あわてんぼうのサンタクロース


「あわてんぼーのサンタクロースークリスマスまえーにやってきたー」


「縁起でもない!やめてくださいよその歌!」


いそいそとキラキラした箱達を手に持ち、ウロウロあっちこっちに動き回るぽっちゃりした白いお髭のおじいさんに、真っ赤なお鼻が特徴的なフサフサの毛並みをしたトナカイが、しかめっ面で怒鳴っていた。


「ほっほっほっ。神経質なトナカイだなぁ。愉快じゃないかこの歌。ワシは好きじゃぞ?」


よいしょっと一際大きな箱を運び終えると、おじいさんは暖炉の前のソファに腰掛けた。


「僕は大っ嫌いです!あとあの歌!なんですか!赤鼻のトナカイって!馬鹿にしすぎです!」


やいのやいのと喚きながら、トナカイのルドルフは、おじいさんにつられて暖炉の前にやってきた。

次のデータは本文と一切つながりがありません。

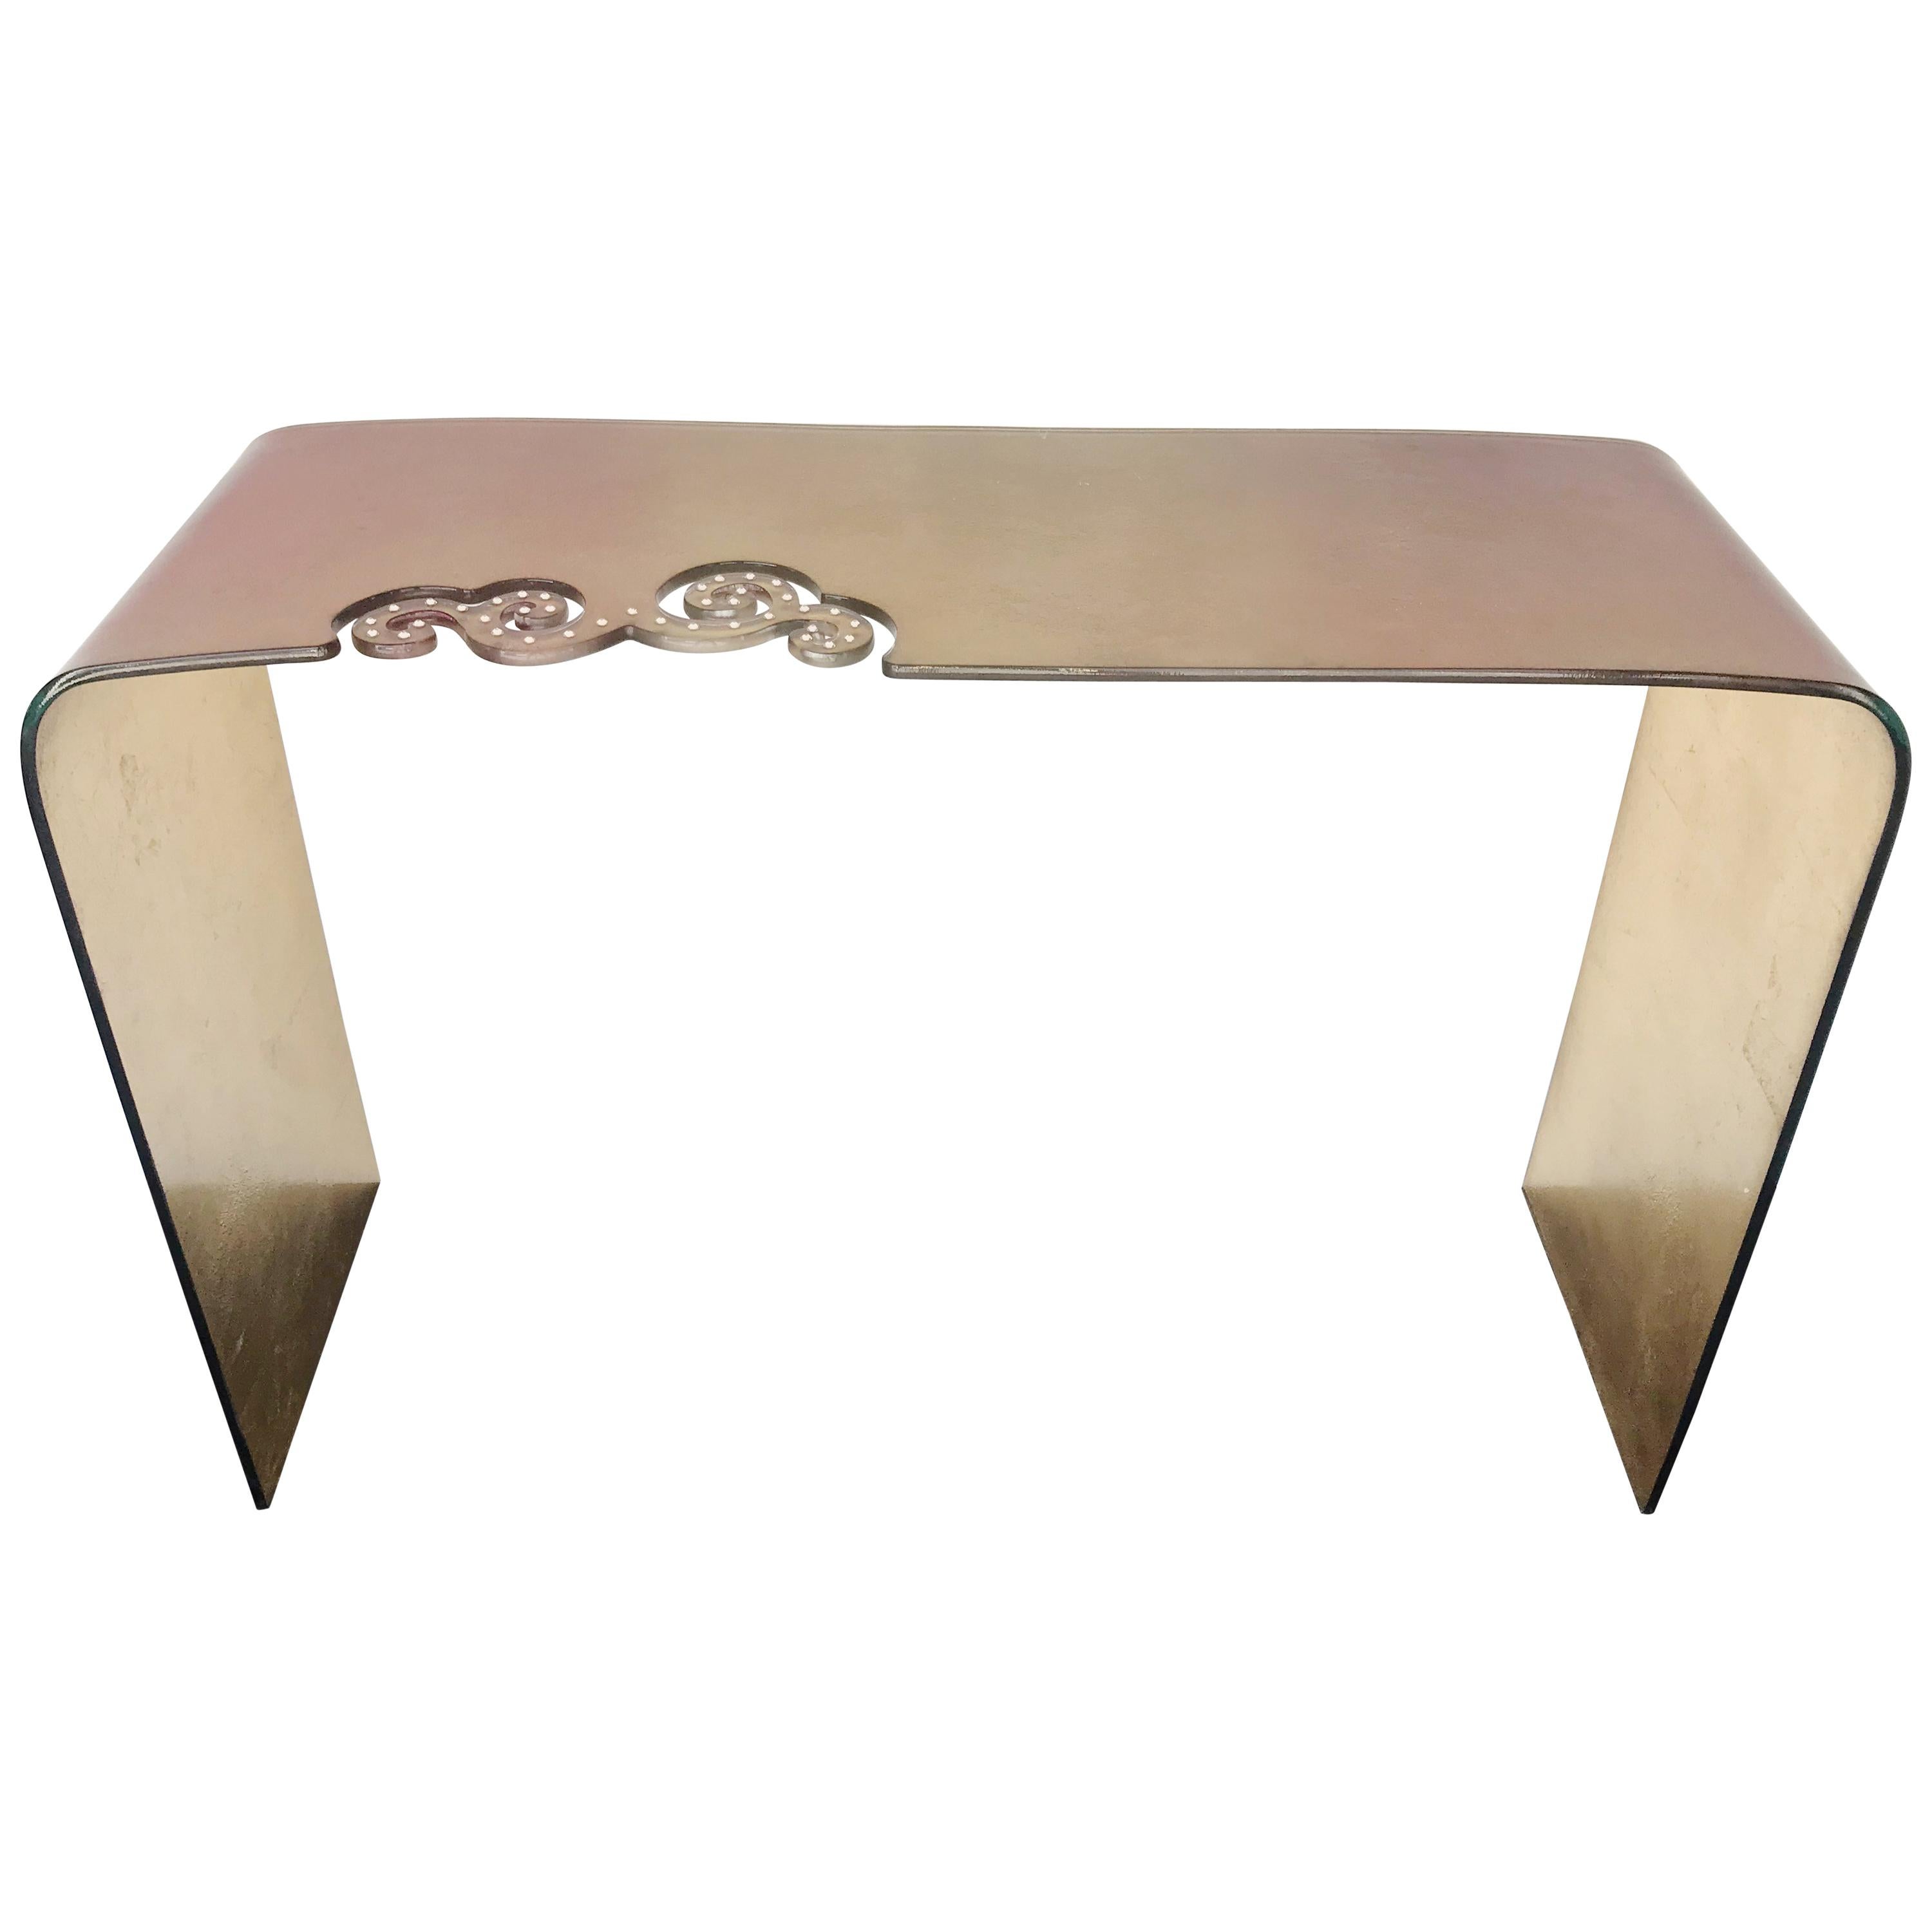 Gold Fuchsia Glass Console Table with Swarovski Crystals FINAL CLEARANCE SALE

「あの歌もいい歌じゃぞ?少しは大らかになりなさいルドルフ。ワシらは夢を運んどるんじゃ」


おじいさんがソファの隣にやってきたルドルフの背中を撫で付けると、ルドルフは前脚を畳んでゆっくりと腰を下ろす。

ルドルフはおじいさんに撫でられるのが、一番なによりも好きだった。


「はい。サンタクロース様。この時期になると僕はどうしてもソワソワしてしまって」


トロンとした目をしたルドルフは、サンタクロースの暖かい手に微睡み、パチパチと音を立てる暖炉の火を瞳から徐々に消していった。


「今日も疲れたね、ルドルフ。ゆっくりとおやすみ」


サンタクロースの優しい声が、最後に残った火を優しく消した。


☆☆☆☆☆☆☆☆☆☆☆☆☆☆☆☆



フィンランドの山奥。

森に囲まれた湖のほとりに、サンタクロースの家はあった。

サンタクロースとルドルフで建てた、木の家だ。

神さまより授かったこの地は、聖域としての結界が張り巡らされており、森の動物や昆虫、湖の魚達以外からは見えないようになっている。


サンタクロース兄弟の十三番目、日本を担当するこの家の主人サンタクロースと、その使いのトナカイルドルフ。

各国にクリスマスプレゼントを配る為に、神さまから遣わされた精霊であるサンタクロースは、この時期だけはイソイソと忙しなく生活していた。



「おや、今日も忙しそうだなルドルフ」


森から一頭のヤギがのんびり歩いてやってきた。


「おう、ゴードン。見ての通りクリスマスの準備さ。日本の子どもたちが待ってるからな」


サンタクロースを乗せて走るソリを念入りにチェックしていたルドルフは、作業を止めずにヤギのゴードンにそう言った。


「大変だなぁ毎年。サンタクロース様はお家かい?」


「ああ、家の中でプレゼントのチェックをしているよ。撫でて貰いに来たのかい?」


「そうなんだが、忙しそうならまたの機会にでもするかなぁ」


申し訳なさそうにしているゴードンをチラッと見たルドルフは、自分ばかり撫でて貰っているせいもあってか少し心苦しく思った。


「なあに!お願いするといいよ!サンタクロース様がそんな事で嫌な顔するわけがないさ」


「そうかなぁ。サンタクロース様に撫でて貰うと身体が軽くなるんだ。めっきり寒くなってきたから撫でて貰えると有難い。少し甘えてみようかな」


ゴードンはそう言うとニコッと笑い、木の扉を開けて中へ入っていった。


「きっとサンタクロース様ならゴードンのお願いを聞いてくれるさ」


ルドルフは心配そうに木の扉が閉まるのを見ていたが、気を取り直してソリのチェックに戻った。


毎年の事ながら、日本までの道のりは険しい。

神さまの遣いとして、天使さま達が同行してくれるが、サンタクロースを狙う悪魔達が攻撃してこないとも限らない。


サンタクロースの精霊としての癒しの力を悪魔達は狙っていて、この聖域を出るクリスマスの日には必ず何かしらの形で接触してこようとしてくるのだ。


時にはカラスに化けて、時には黒猫に化けて、動物達にも優しいサンタクロースへの罠が沢山用意されている。

それを駆け抜ける為にも、ルドルフのソリは重要であり、不可欠な存在なのだ。


「今年も必ずお守りして、日本の子ども達にプレゼントを届けるんだ!」


ルドルフはフンっと鼻息を荒くし、生い茂る木々の隙間に見える空を眺めた。